His family were far from wealthy and Paenga-Amosa began working as a binman straight after finishing school, meaning 4am starts each morning, while he also had spells as a landscaper, scaffolder and labourer.

Paenga-Amosa also studied theology and did a stint as a youth worker in a local school, but his dream was to be a professional rugby player.

Having been ignored by the Super Rugby franchises out of school, the hooker instead battled away in the Shute Shield until he earned a shot in the National Rugby Championship – Australian’s second tier – with the Greater Sydney Rams in 2016.

RUGBY WALLABIES SCHOOL VISIT Paenga-Amosa is a popular and likeable character. AAP / PA Images AAP / PA Images / PA Images

He moved on to the NSW Country Eagles last year, when a rise to the top of Australian rugby still looked a long, long way off.

But Paenga-Amosa’s form with the Eagles impressed none other than Brad Thorn, who took over as head coach of the Queensland Reds this year and dialled up the hooker to give him a shot in professional rugby.

12 impressive Super Rugby starts under Thorn later and with the Wallabies missing the retired Stephen Moore, unavailable Tatafu Polota-Nau and injured Jordan Uelese, Cheika turned to the Reds hooker for last weekend’s first Test against Ireland.

Having shed tears of joy at being told he was in the Wallabies squad, it was understandable that Paenga-Amosa would feel the emotion again as the Aussie anthem rang out in Brisbane before his debut.

“Standing there hearing those words, I’m thinking back to the second my parents moved over here, coming here for a better life, and it’s just the journey, the journey of me, my family, it just flashed before me – where I’ve come from, what we’ve been through, all the sacrifices we had to make to help me get to where we are today.

“For me, what got me really emotional was looking over at my family in the stands. I saw them, the 30 of them or so; I saw they were tearing up as well and for me seeing that, seeing them wear green and gold jerseys.
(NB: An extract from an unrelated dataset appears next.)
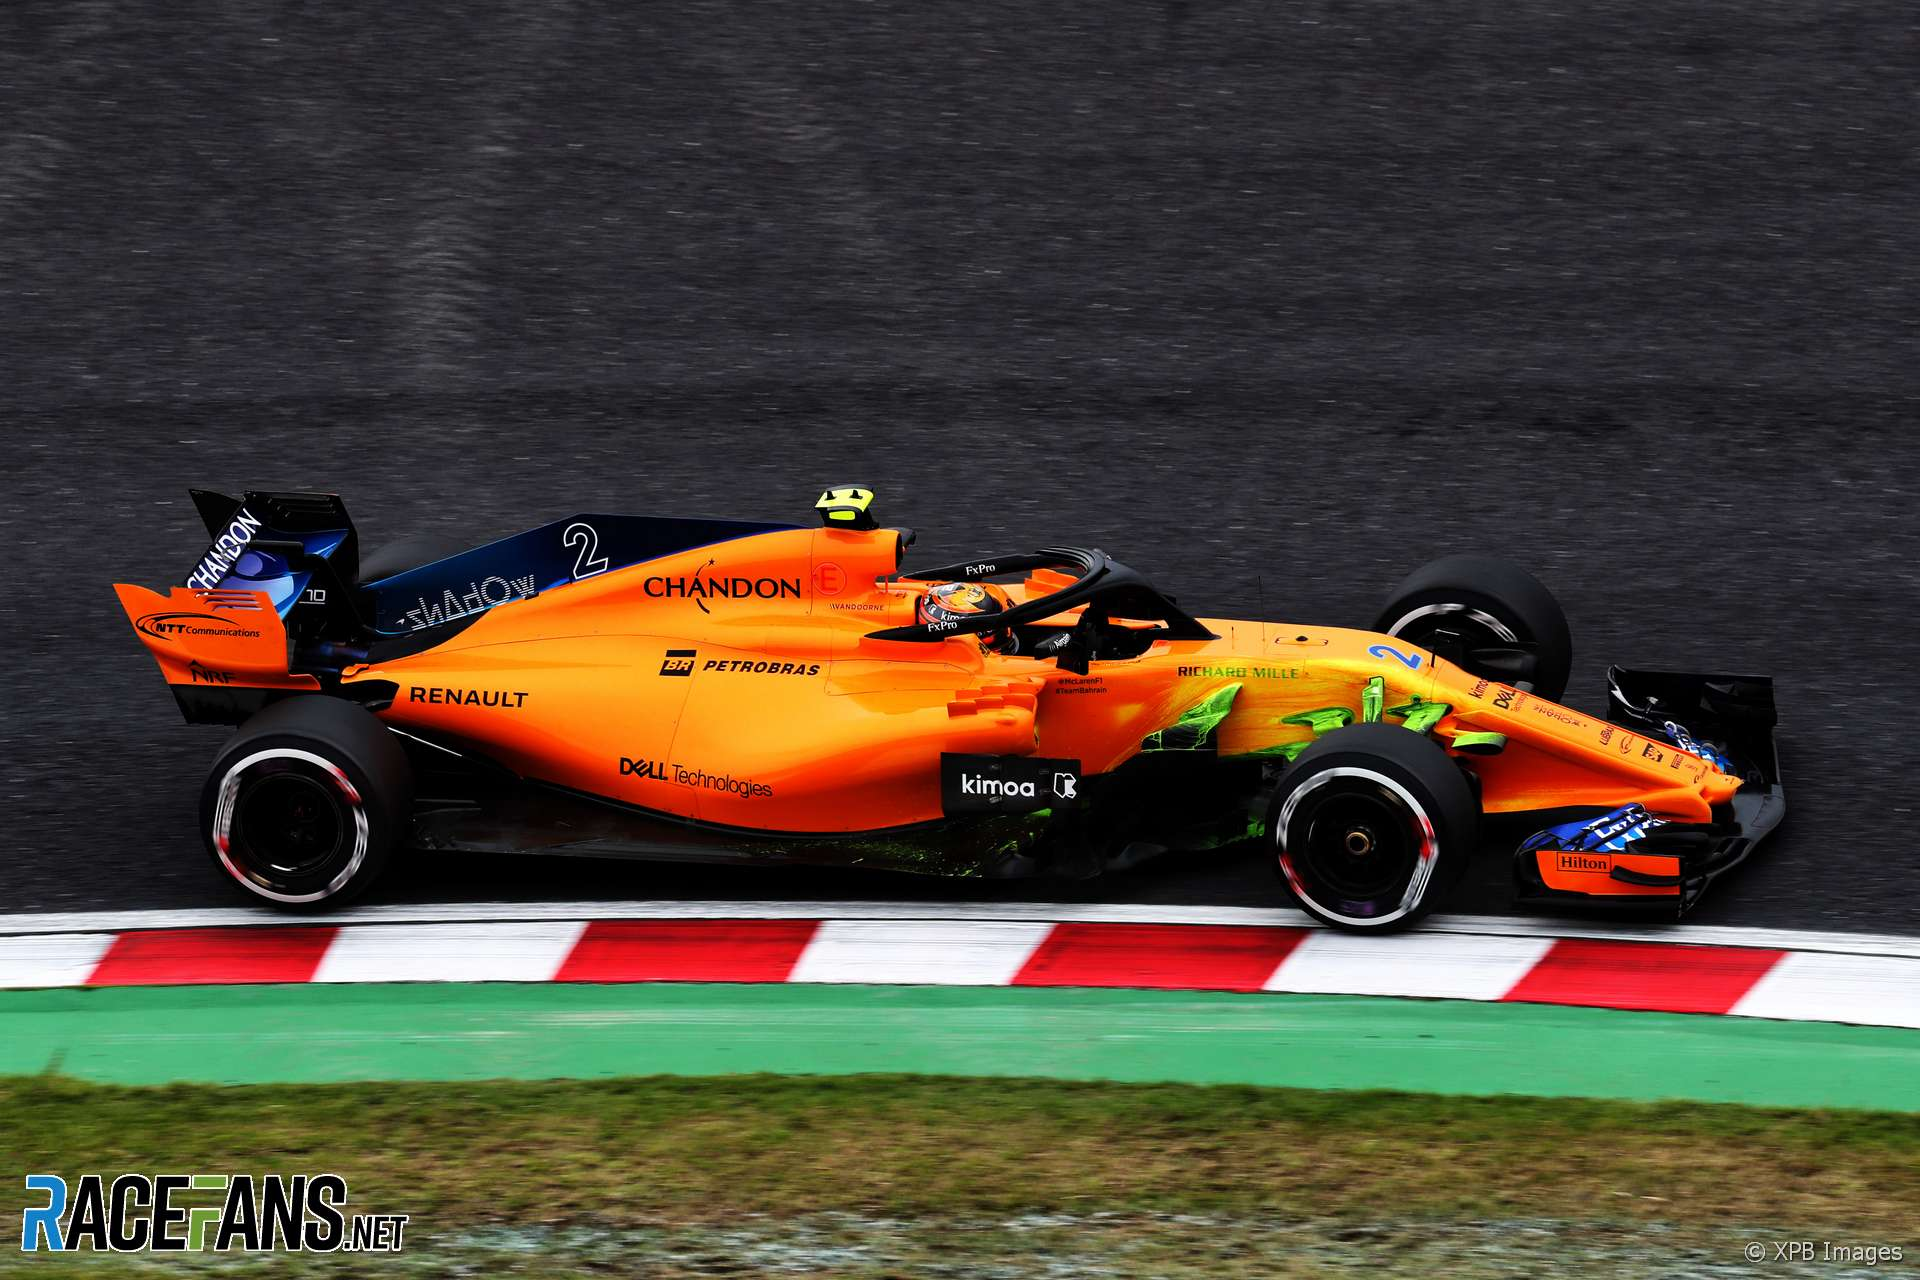 Stoffel Vandoorne, McLaren, Suzuka, 2018
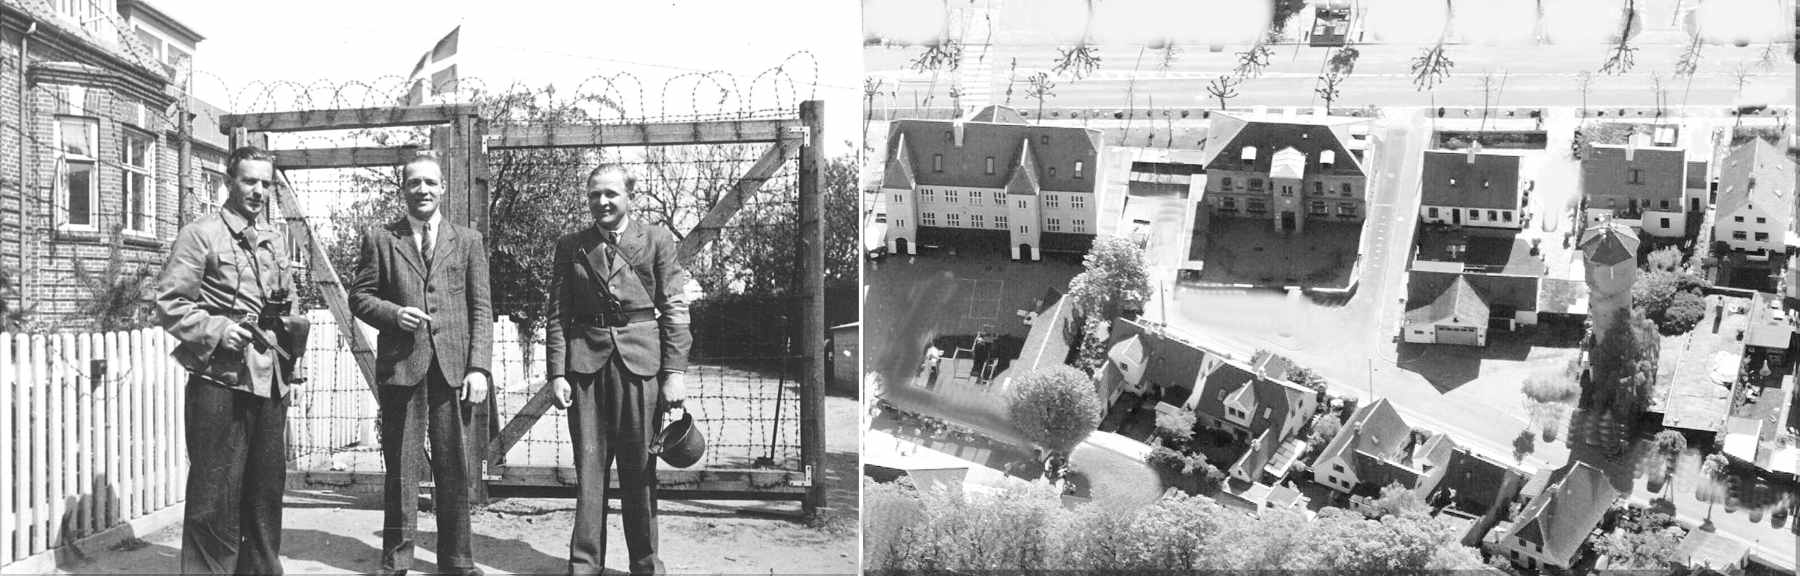 Gestapo i Dragør

“They’re all Kiwis, we came from Auckland, and when I’m talking about sacrifices I mean the double-jobbing my parents did to help us. I’m talking about what mum and dad have told me they did when we were younger.

“They’d eat bread and nothing more for their dinner, and they only had enough money to get me a chicken breast, so they did that to make sure I wasn’t hungry and that I could get the proper nutrients I needed, stuff like that.

“Actually moving here from New Zealand is not easy, moving away from all the family.

SUPER RUGBY REDS BULLS The hooker has been in good form for the Reds this year. AAP / PA Images AAP / PA Images / PA Images

“There are so many sacrifices we’ve made along the way, the birthdays we’ve missed from family who are back in New Zealand, all that came into my head, all those things that helped to get me to where I am today.”

When it came to doing his job on the pitch, there were clear nerves in Paenga-Amosa’s performance, although the unfamiliarity of a Wallabies lineout that was still getting to grips with their calls was partly at fault for a couple of overthrows.

The hooker is hoping another shot in the green and gold jersey in Melbourne this weekend will allow him to give a better account of himself.

“I don’t think I will have as many nerves as I did last week. I am just focusing on my job – on my defence, carries, set-piece, all that sort of stuff,” he says.

“I just know that this week I don’t have to go and do everyone else’s job. I watched my game and there were a lot of extra things I was trying to do because I was so energetic. It was my first cap and I was running around like a headless chicken but I think this week I will just focus on my job.”

But even after a debut where he didn’t quite show the best of himself, Paenga-Amosa is grateful to be on this stage.

“Honestly, I am truly blessed to be here. God has blessed me big time. It has been a crazy journey but it has definitely made me the man I am today.”